7. Les implications comptables étant différentes selon les situations (voir ci-après n° 13 s.), il est primordial de bien apprécier la situation dans laquelle l’entreprise se trouve à la date d’arrêté des comptes.

Les questions à se poser à la date d’arrêté des comptes sont donc, à notre avis, dans l’ordre les suivantes :

Q1. Les dirigeants de l’entreprise ont-ils formellement engagé la décision de liquider la société ?

Q2. Une décision judiciaire de liquider a-t-elle été prononcée ?

Si la réponse est oui à l’une de ces deux questions, la continuité d’exploitation est définitivement compromise. Dans ce cas, voir ci-après n° 26 s.

Si la réponse est non :

Q3. L’entreprise est-elle engagée dans une procédure collective amiable ou judiciaire ? Procédure de sauvegarde, de conciliation, redressement judiciaire… 

Q4. L’entreprise est-elle en état de cessation des paiements sans avoir encore procédé à sa déclaration ? (pour apprécier l’état de cessation des paiements à la date d’arrêté, voir ci-après n° 35 s.).

Si la réponse est oui à l’une de ces deux questions, la continuité d’exploitation est nécessairement incertaine. Dans ce cas, voir ci-après n° 20 s.

Pour apprécier l’état de cessation des paiements à la date d’arrêté, voir notre article « Cessation des paiements : comment l’estimer ? ».

Si la réponse est non :

Q5. L’entreprise risque-t-elle d’être en état de cessation des paiements dans un avenir prévisible ?

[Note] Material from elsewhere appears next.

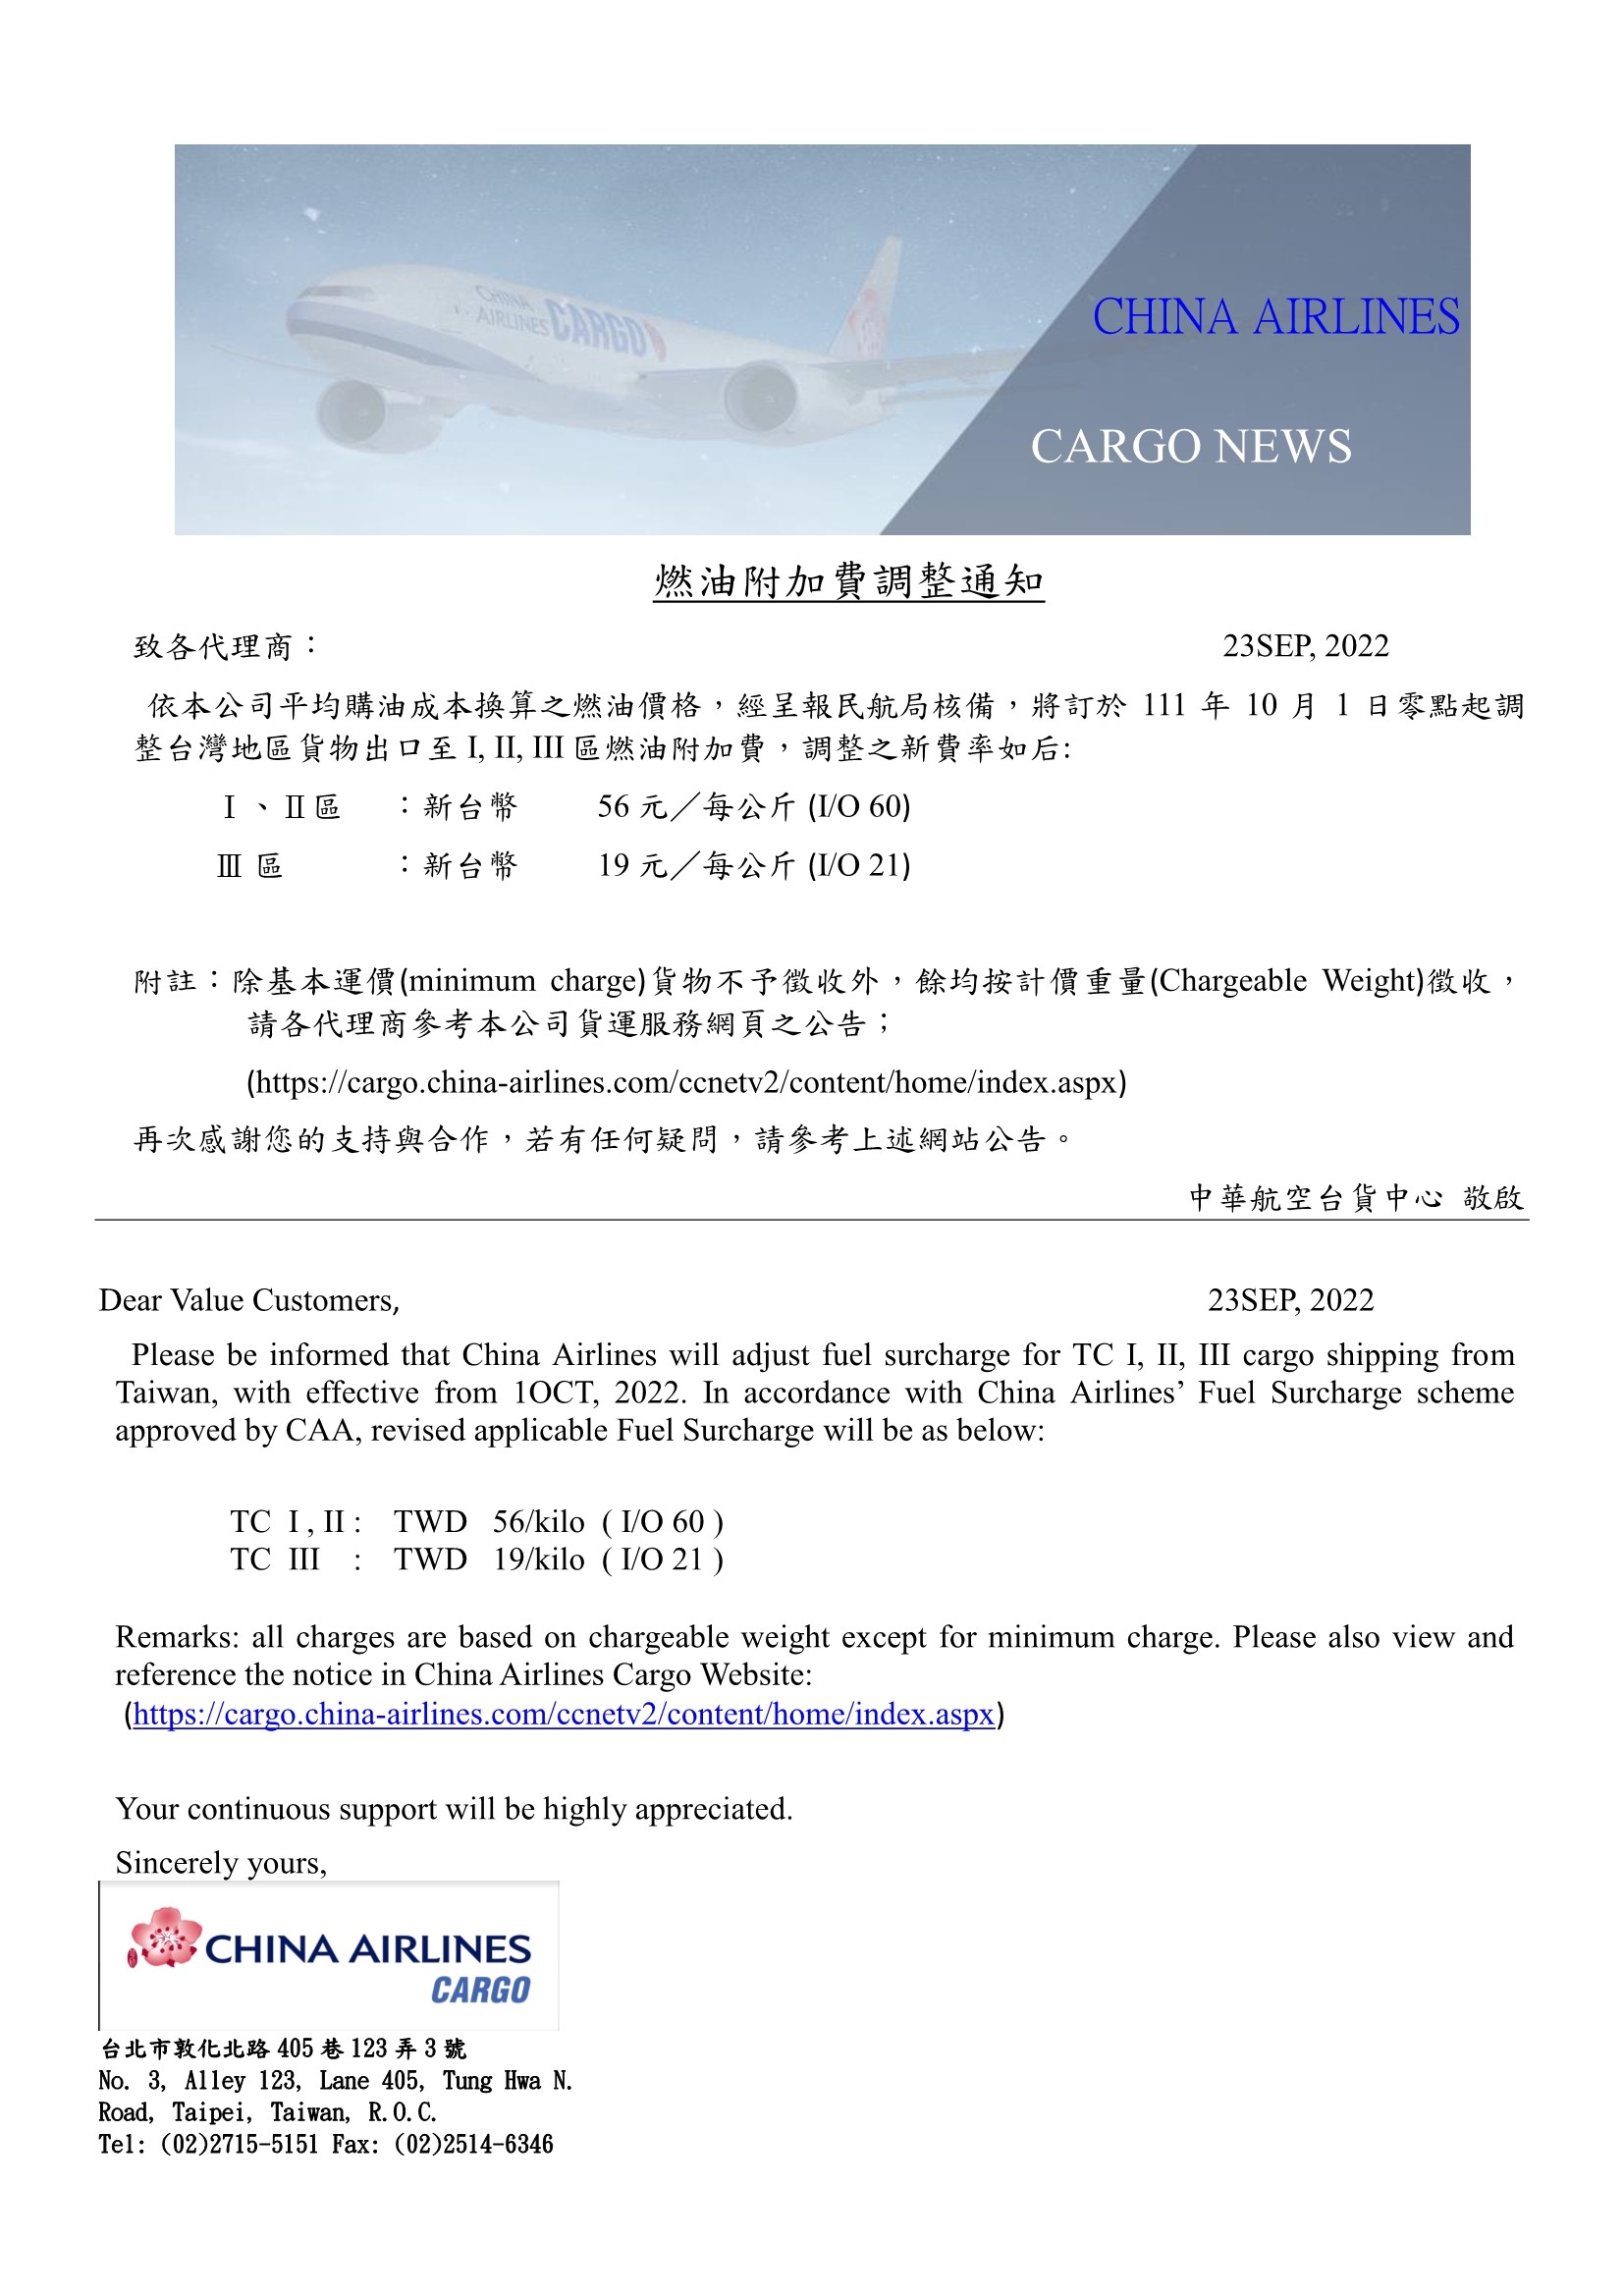 中華航空2022年10月1日台灣區貨運燃油附加費調整公告.jpg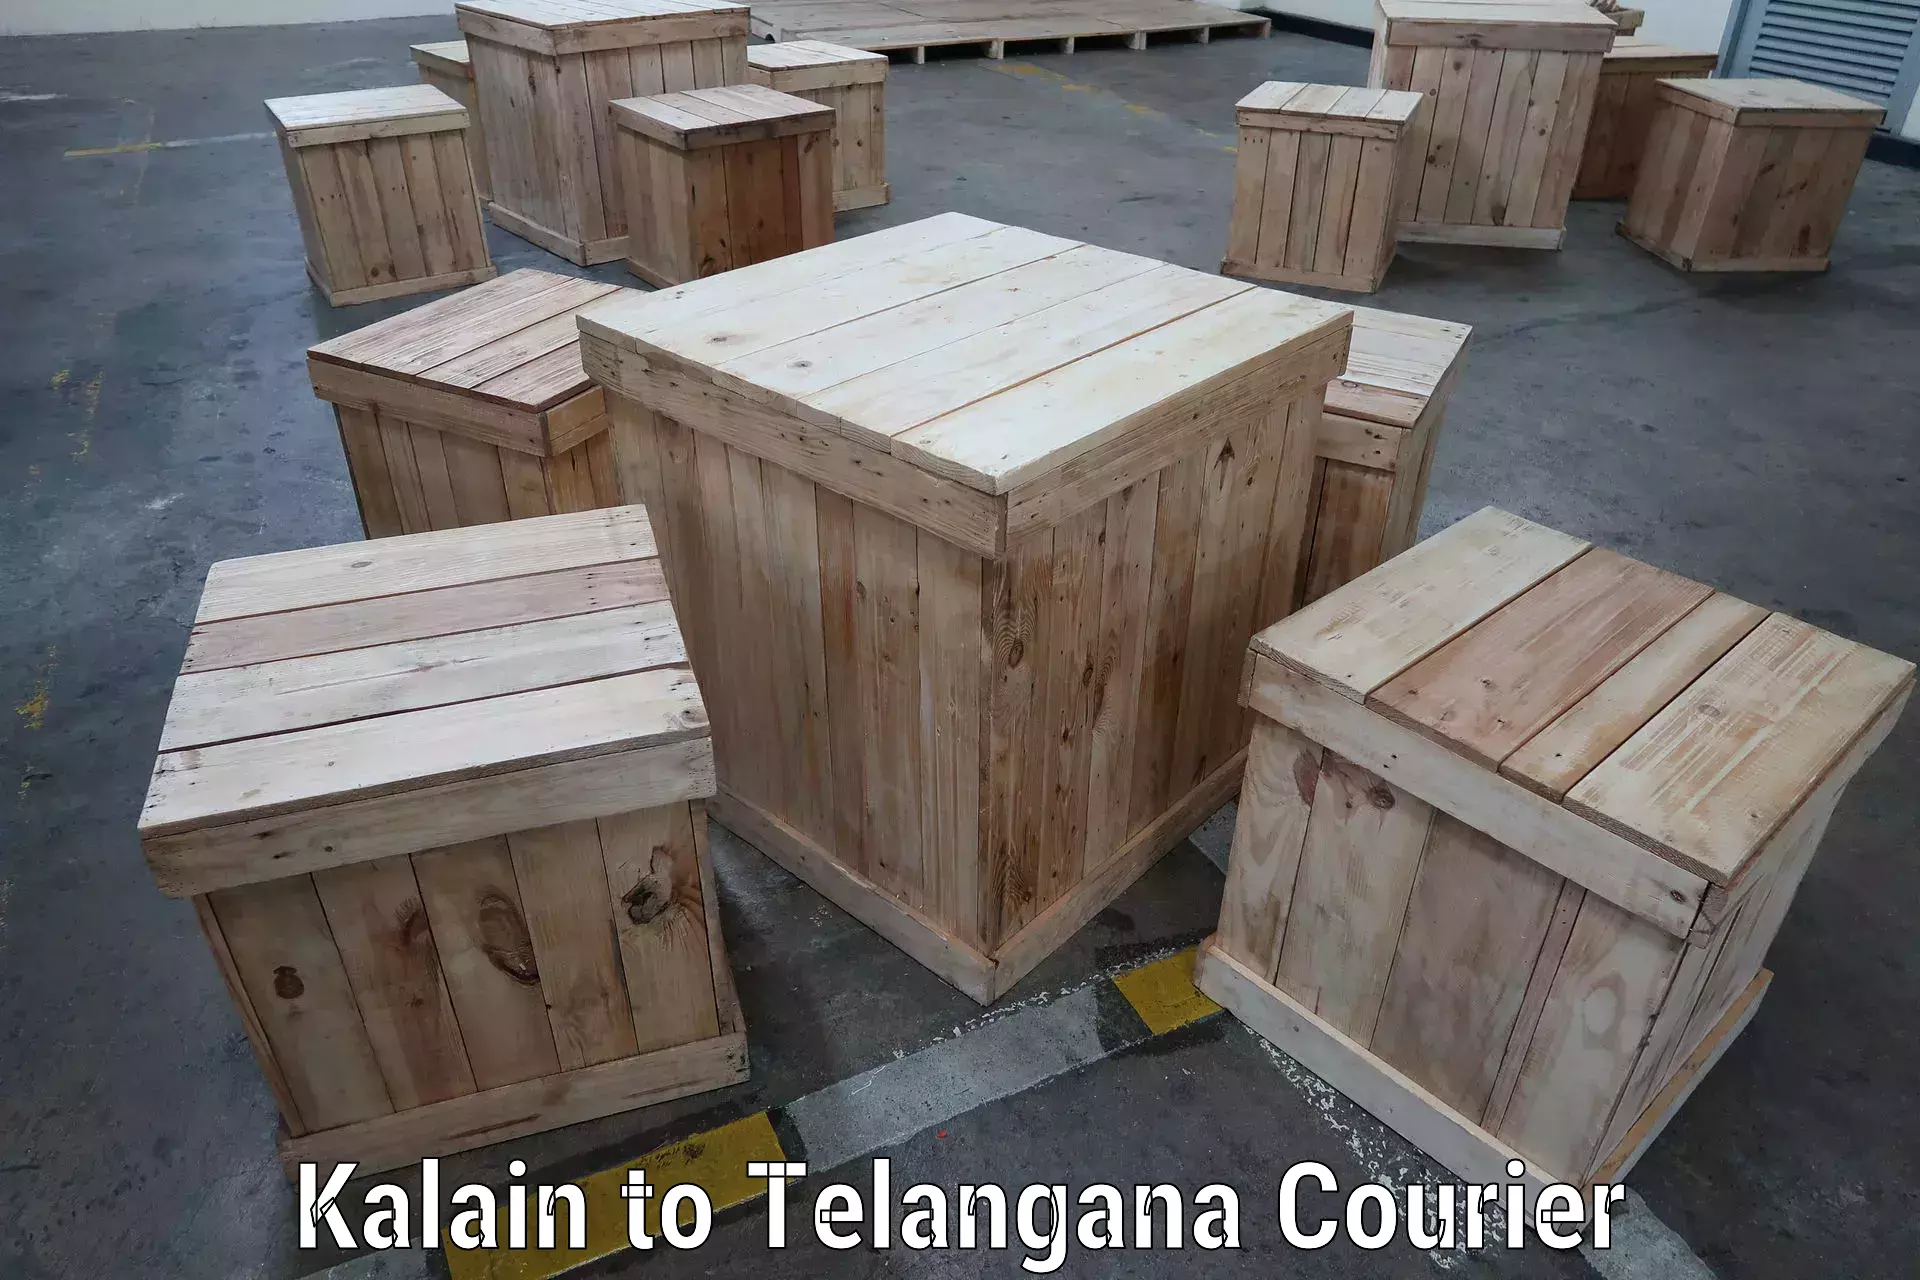 International courier rates Kalain to Telangana

Pour apprécier le risque de cessation des paiements et conclure si la continuité d’exploitation est assurée ou incertaine, voir ci-après n° 8 s.

Dans sa note du 24 novembre 2008 relative à la crise économique de 2008-2009, la CNCC avait indiqué que les commissaires aux comptes devraient rapidement s'enquérir auprès des entreprises qu'ils contrôlent de l'impact de la crise sur leur activité et leur trésorerie, notamment afin d'identifier des situations de remise en cause de la continuité d'exploitation et de satisfaire à leurs obligations en matière de déclenchement de la procédure d'alerte. Cet entretien a pour objectif de comprendre comment la direction entend financer son activité pour les mois à venir (soutien des banques, respect des covenants bancaires pour le maintien des lignes de crédit, etc.) et permet aux commissaires aux comptes d'adapter leur stratégie d'audit.
Dans son communiqué du 19 mars 2020 relative à la crise sanitaire actuelle, le H3C incite les commissaires aux comptes appelés à mettre en œuvre la procédure d’alerte, à privilégier une phase initiale de dialogue avec le chef d’entreprise, dite « phase zéro ».
Cet entretien permet d'instaurer un climat de confiance réciproque et d'envisager toutes les mesures auxquelles l'entreprise peut avoir recours (mesures gouvernementales exceptionnelles, report d'échéances, moratoires, médiation du crédit). Voir FRC 5/20 inf. 8, 9 et 10.

Sur la procédure d’alerte, voir FRC Hors-série 12/19 n° 90.3.

Sur les impacts sur le rapport d’audit du commissaire aux comptes, voir FRC 5/20 inf. 8.

Sur quelle période faut-il apprécier le risque de cessation des paiements ?

Sur une période de 12 mois…

8. Comme indiqué ci-avant (voir n° 1), la continuité d’exploitation s’apprécie en tenant compte de tous les éléments susceptibles d'affecter la poursuite de l'activité dans un avenir prévisible.

Que faut-il entendre par « dans un avenir prévisible » ?

Selon la CNCC, lorsque le référentiel comptable ne définit pas la période sur laquelle porte l'évaluation faite par la direction, la continuité d'exploitation est appréciée sur une période de douze mois à compter de la clôture de l'exercice (NEP 570 précitée, § 7).

… au minimum

9. Notons qu’en normes IFRS, l’appréciation de la capacité de l'entité à poursuivre son exploitation doit être réalisée en tenant compte de toutes les informations disponibles sur une période d'au moins douze mois après la clôture de l'exercice (ĀnormeXIASGBIAS 1.26ā).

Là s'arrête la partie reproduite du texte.